Welcome to my new web address! Why change? You'll find out below. May I ask for a favor? If you link to my blog, change it to my MySpace which is now private. I have this blog address listed on my MySpace which they can view if they are my friend.
Buckle up, this could get bumpy....
I'm starting to think our life is more and more like a soap opera everyday. No we haven't been possessed by the devil, brainwashed by Stephano, or recently found out our friends are vampires; but close enough. We've had so much drama lately, we could post blogs at least twice a day on this shit. You'd think after a year of extreme highs and lows, this one would have to get better.

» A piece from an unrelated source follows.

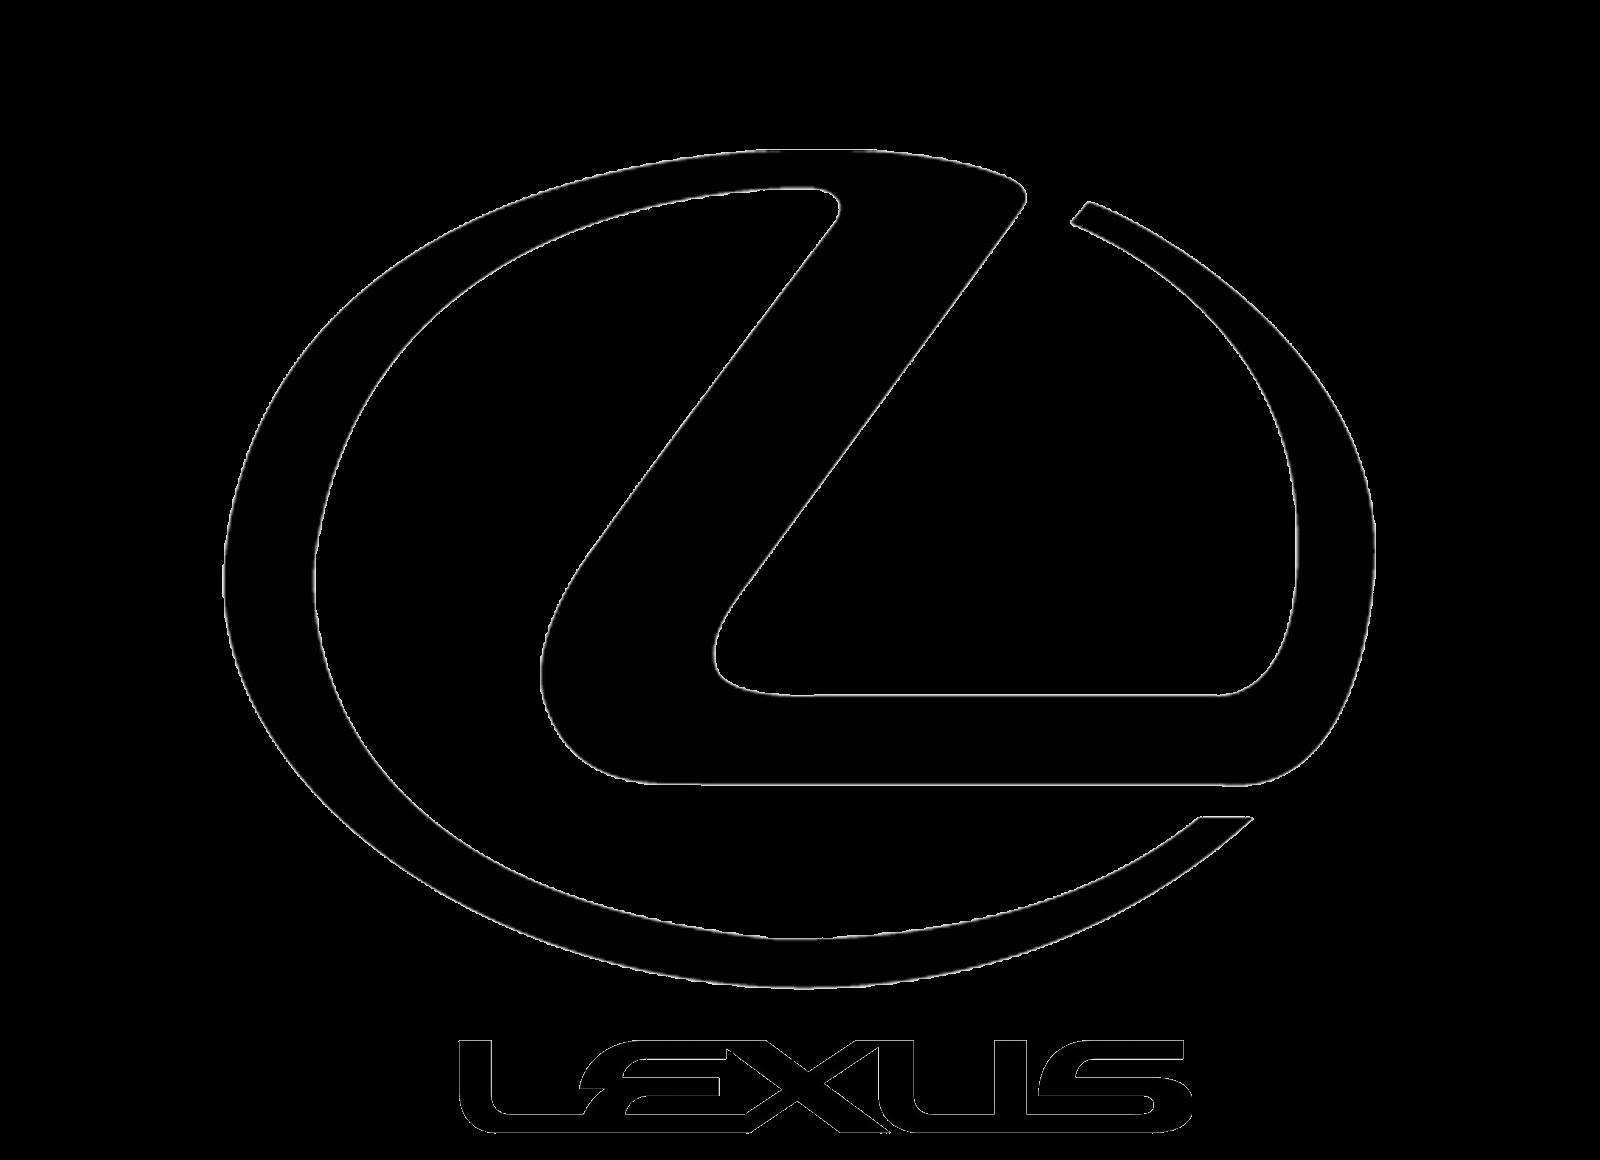 Lexus Car Logo - Lexus Auto Logo Vector PNG

We already bought a car and thought it was stolen, found out it was towed for no tags by Ninja drivers and when we bailed it out of jail, discovered damage to the back left quarter panel. So far Diamondback Recovery has failed to return our calls. I know they are just trying to wear us down, but they should know we are stubborn and we will not forget, we will call everyday until they resolve the situation. Not to mention that it took 4 visits to the MVD aka DMV and a trip to the credit union where the lien was held to get this fucking car registered! Finally the car stress is over.
While all this car crap has been going on, I've been dealing with mama drama. I'm not going to go into details, unless I start writing and can't stop. I'm sure most of you saw her comment on my blog and thought it was a bit strange or as many have said, "fucking crazy". It was fucking crazy and completely inappropriate, selfish and immature. She doesn't know how we feel because she has not had a child die, but because she's more concerned with convincing us that she does know, she somehow forgot her role, as a mother of a grieving daughter. Instead of comforting and supporting me, she's forced me to defend my feelings. Unfortunately, this isn't the first time she's acted this way. I've been dealing with these behaviors my entire life.
Taking space from my mother has been one of the hardest things I've ever had to do. But dealing with her right now just isn't healthy for me, I have to take care of myself.
1 comment:
Man now I have to go change my links...boo...I am going to change it to a porno site though, maybe for just one day. Just to see how many people click it and freak out.